──────── Given data
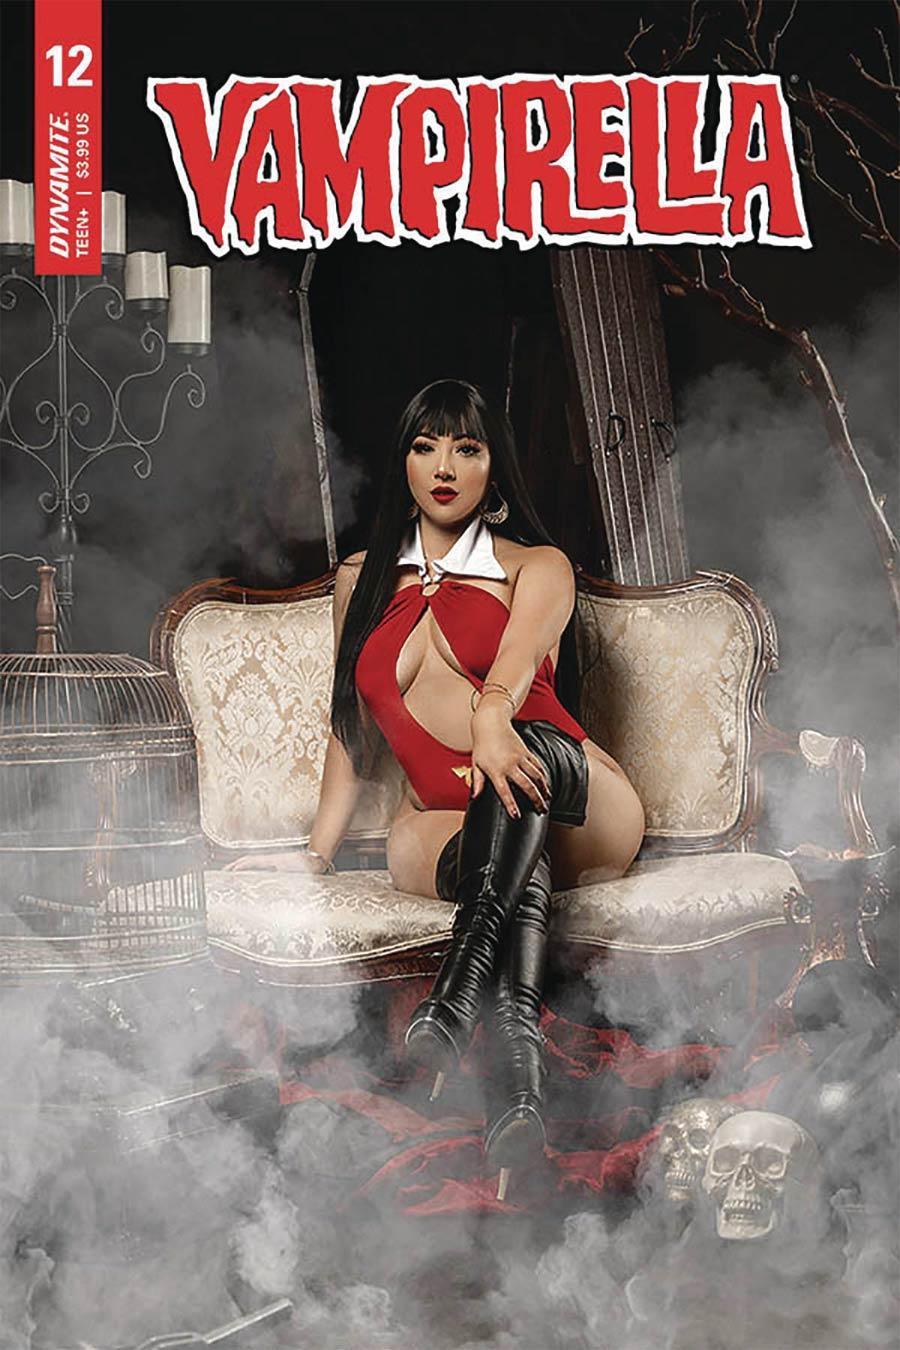 Vampirella Vol 8 #12 Cover E Variant Marissa Ramirez Cosplay Photo Cover
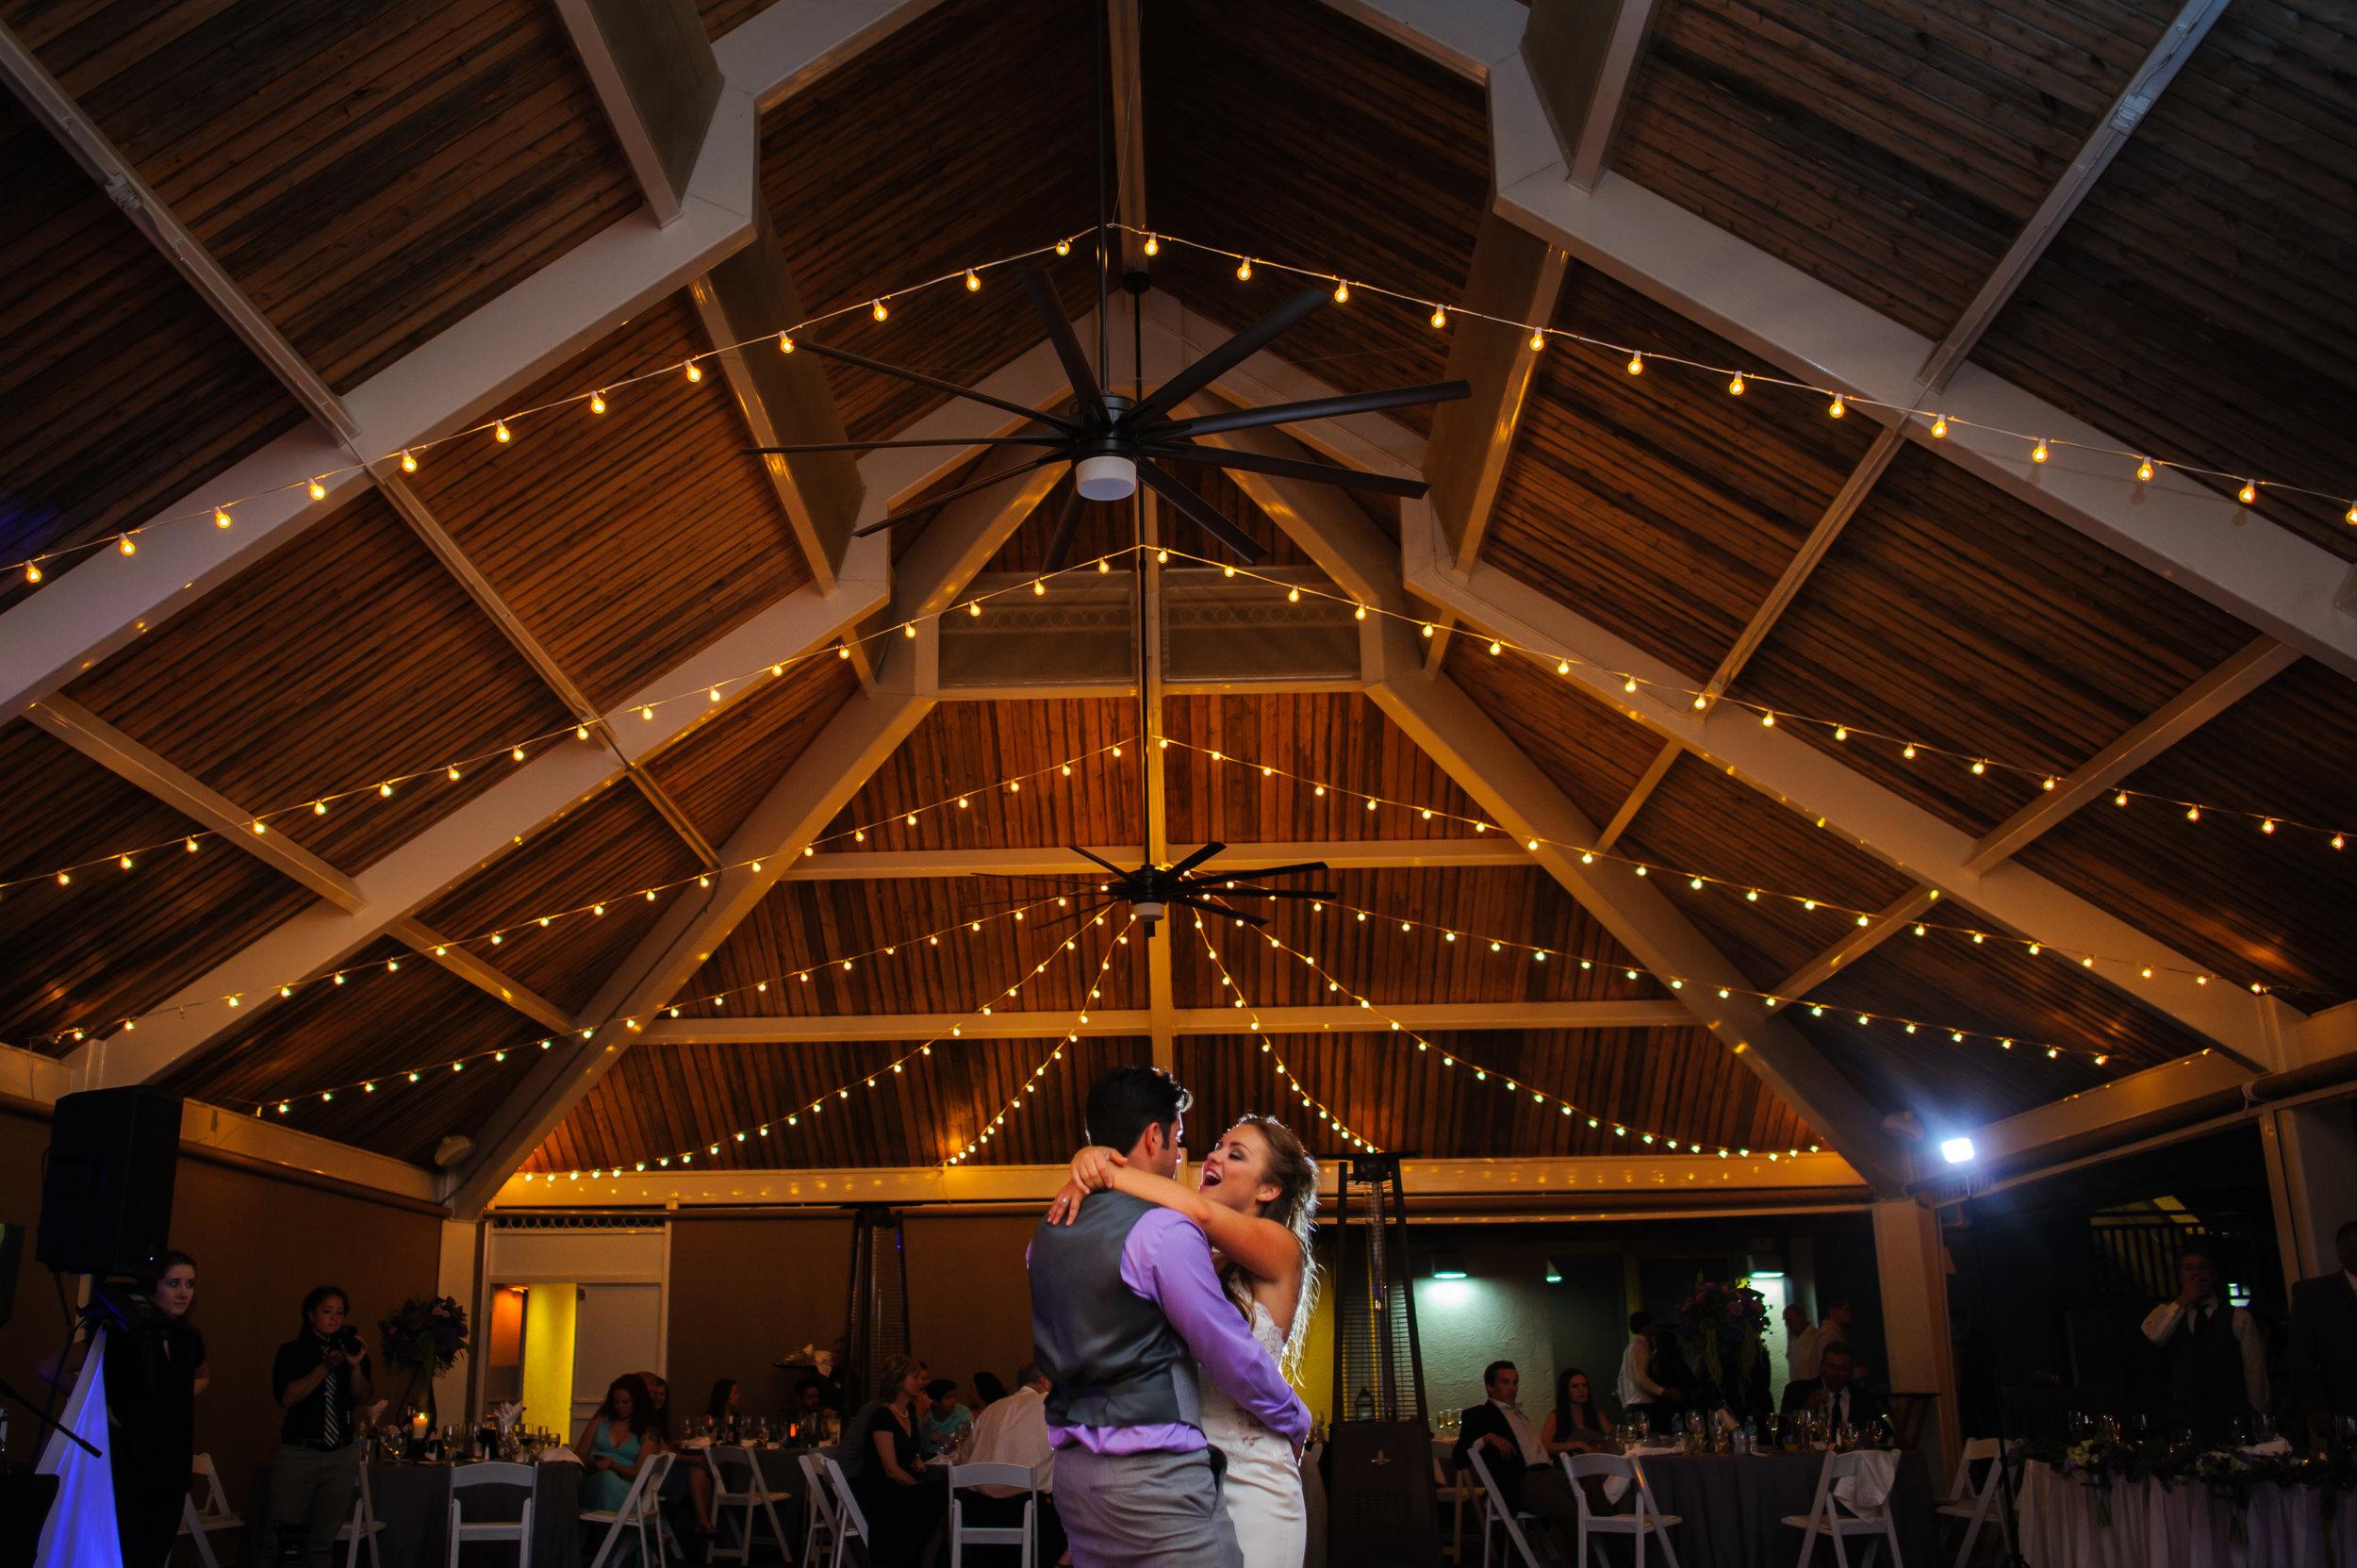 becca-jacob-042-tenaya-lodge-yosemite-wedding-photographer-katherine-nicole-photography.JPG
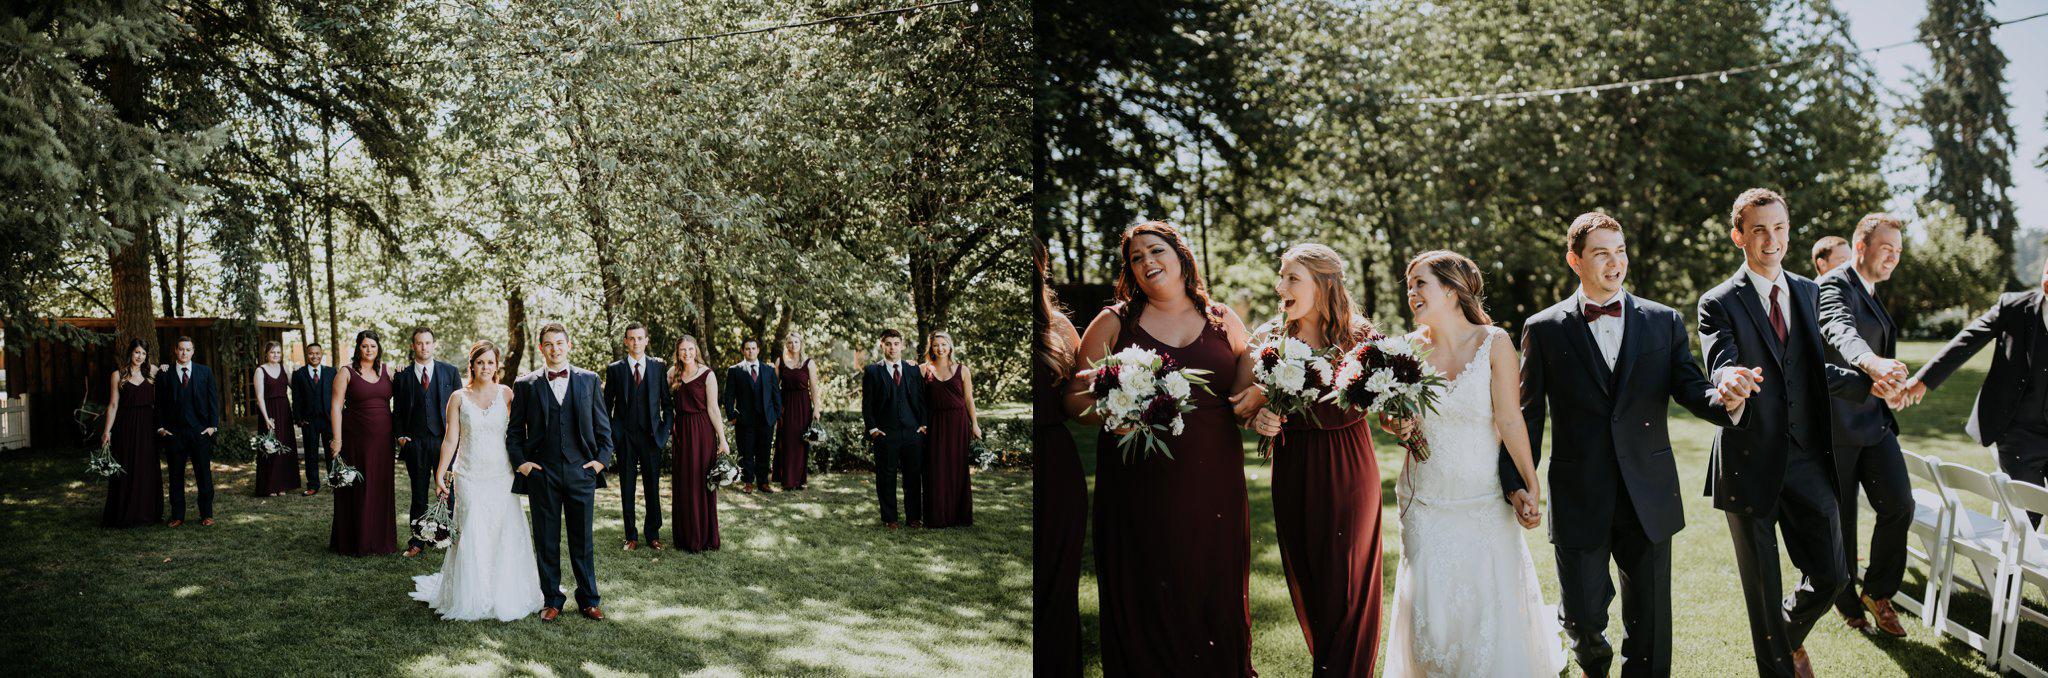 kristen-and-cody-the-kelley-farm-wedding-seattle-photographer-caitlyn-nikula-42.jpg
────────────────
Exercise aim
Apart from the pictures, restate all of the listing above exactly.

Solution to this problem
 Vampirella Vol 8 #12 Cover E Variant Marissa Ramirez Cosplay Photo Cover
 becca-jacob-042-tenaya-lodge-yosemite-wedding-photographer-katherine-nicole-photography.JPG
 kristen-and-cody-the-kelley-farm-wedding-seattle-photographer-caitlyn-nikula-42.jpg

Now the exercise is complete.